> _Task directions_
Give back exactly the lines running from the line with "Kit Caixa de" to the end of the entries, and only those lines.

> _Data extracts_
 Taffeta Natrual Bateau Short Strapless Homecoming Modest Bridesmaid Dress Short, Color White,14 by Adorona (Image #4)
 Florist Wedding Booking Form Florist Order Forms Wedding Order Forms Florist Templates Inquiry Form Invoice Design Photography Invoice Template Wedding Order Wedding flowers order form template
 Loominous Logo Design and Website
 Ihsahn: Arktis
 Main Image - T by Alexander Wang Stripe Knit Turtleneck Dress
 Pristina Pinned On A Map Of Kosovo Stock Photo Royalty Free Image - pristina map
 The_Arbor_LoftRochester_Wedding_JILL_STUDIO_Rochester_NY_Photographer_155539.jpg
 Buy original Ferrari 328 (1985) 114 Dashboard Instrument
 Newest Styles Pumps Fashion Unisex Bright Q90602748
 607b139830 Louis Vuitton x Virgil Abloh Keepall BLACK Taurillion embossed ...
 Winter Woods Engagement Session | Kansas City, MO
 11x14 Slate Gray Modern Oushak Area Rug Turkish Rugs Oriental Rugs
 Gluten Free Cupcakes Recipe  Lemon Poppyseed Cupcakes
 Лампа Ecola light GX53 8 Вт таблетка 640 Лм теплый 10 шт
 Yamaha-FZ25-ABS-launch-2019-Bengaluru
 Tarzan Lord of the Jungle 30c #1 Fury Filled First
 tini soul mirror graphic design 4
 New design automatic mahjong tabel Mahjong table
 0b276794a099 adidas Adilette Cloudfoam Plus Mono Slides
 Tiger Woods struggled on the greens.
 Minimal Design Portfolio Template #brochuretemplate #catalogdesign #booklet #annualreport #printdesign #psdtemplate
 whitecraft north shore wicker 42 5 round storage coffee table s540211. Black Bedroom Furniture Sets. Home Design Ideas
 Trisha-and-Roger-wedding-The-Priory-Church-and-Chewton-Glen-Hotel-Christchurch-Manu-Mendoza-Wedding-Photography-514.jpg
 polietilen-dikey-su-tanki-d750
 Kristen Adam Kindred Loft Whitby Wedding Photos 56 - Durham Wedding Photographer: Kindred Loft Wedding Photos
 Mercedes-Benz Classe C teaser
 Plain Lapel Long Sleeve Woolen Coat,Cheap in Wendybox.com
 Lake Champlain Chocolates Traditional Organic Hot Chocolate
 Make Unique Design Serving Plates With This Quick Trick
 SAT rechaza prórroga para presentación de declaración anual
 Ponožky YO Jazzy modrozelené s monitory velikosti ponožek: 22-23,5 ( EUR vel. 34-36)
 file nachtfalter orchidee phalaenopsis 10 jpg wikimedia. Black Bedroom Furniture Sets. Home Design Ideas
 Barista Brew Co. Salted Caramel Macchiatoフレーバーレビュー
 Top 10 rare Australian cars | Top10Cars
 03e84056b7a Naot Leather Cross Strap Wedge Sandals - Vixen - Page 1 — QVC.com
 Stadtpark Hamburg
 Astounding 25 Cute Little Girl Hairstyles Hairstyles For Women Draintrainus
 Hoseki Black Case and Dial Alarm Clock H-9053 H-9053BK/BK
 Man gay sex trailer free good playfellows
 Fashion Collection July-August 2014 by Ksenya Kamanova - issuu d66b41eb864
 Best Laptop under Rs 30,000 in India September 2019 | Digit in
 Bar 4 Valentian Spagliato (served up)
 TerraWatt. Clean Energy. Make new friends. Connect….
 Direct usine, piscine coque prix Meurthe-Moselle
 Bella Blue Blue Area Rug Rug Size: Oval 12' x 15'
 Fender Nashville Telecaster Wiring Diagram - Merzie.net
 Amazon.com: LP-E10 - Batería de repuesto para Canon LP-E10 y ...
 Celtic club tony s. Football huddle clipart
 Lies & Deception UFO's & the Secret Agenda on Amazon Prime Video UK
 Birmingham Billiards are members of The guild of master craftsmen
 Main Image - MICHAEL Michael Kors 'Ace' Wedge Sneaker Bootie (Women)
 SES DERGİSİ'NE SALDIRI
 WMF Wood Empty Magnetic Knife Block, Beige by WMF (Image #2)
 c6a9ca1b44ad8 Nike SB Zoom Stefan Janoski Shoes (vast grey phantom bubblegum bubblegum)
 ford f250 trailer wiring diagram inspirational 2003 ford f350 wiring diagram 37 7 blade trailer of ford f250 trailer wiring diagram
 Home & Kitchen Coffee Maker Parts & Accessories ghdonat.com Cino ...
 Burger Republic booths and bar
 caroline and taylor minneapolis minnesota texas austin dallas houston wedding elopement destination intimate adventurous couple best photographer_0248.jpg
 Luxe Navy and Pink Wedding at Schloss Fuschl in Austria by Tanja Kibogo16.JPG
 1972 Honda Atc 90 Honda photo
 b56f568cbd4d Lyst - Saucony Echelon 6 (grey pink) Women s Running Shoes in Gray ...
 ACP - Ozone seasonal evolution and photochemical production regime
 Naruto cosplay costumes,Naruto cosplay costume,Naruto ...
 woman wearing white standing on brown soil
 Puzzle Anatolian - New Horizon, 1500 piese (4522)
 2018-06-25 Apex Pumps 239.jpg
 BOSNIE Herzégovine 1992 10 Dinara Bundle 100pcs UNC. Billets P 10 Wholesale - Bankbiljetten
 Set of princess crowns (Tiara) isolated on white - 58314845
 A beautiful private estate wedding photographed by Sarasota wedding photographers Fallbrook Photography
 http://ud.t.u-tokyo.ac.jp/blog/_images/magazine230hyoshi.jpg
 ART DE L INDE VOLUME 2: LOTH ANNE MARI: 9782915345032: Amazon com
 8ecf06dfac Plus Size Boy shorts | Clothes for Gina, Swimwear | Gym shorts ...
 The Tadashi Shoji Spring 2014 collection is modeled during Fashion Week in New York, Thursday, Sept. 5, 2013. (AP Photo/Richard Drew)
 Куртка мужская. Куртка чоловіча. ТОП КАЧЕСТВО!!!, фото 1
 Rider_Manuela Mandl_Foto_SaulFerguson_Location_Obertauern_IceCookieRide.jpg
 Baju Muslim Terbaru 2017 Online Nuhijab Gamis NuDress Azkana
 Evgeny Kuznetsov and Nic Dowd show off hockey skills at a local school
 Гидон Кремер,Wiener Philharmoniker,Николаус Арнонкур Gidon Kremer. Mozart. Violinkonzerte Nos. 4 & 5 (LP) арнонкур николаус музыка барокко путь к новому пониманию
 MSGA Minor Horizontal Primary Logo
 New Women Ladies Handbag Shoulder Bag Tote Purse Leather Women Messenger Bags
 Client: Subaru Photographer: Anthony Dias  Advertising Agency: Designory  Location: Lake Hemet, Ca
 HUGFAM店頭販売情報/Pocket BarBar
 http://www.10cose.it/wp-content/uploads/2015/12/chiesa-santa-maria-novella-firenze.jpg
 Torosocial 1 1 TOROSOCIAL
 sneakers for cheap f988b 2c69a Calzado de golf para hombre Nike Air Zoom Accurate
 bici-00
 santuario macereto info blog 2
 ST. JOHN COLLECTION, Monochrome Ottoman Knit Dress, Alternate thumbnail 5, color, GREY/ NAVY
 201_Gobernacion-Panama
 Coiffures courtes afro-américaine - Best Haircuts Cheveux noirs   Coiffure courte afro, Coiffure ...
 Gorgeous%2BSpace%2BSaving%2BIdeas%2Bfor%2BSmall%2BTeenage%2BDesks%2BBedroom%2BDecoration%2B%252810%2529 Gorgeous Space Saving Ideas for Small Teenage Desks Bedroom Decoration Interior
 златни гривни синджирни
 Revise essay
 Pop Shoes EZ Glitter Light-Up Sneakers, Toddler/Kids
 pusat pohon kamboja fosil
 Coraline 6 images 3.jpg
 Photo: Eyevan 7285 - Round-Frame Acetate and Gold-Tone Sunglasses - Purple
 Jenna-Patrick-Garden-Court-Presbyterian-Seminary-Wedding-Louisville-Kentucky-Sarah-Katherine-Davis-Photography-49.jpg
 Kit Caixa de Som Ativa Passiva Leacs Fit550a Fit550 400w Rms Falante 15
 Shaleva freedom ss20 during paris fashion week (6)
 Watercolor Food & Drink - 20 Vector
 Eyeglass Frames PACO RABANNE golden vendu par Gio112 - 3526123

> _Result_
 Kit Caixa de Som Ativa Passiva Leacs Fit550a Fit550 400w Rms Falante 15
 Shaleva freedom ss20 during paris fashion week (6)
 Watercolor Food & Drink - 20 Vector
 Eyeglass Frames PACO RABANNE golden vendu par Gio112 - 3526123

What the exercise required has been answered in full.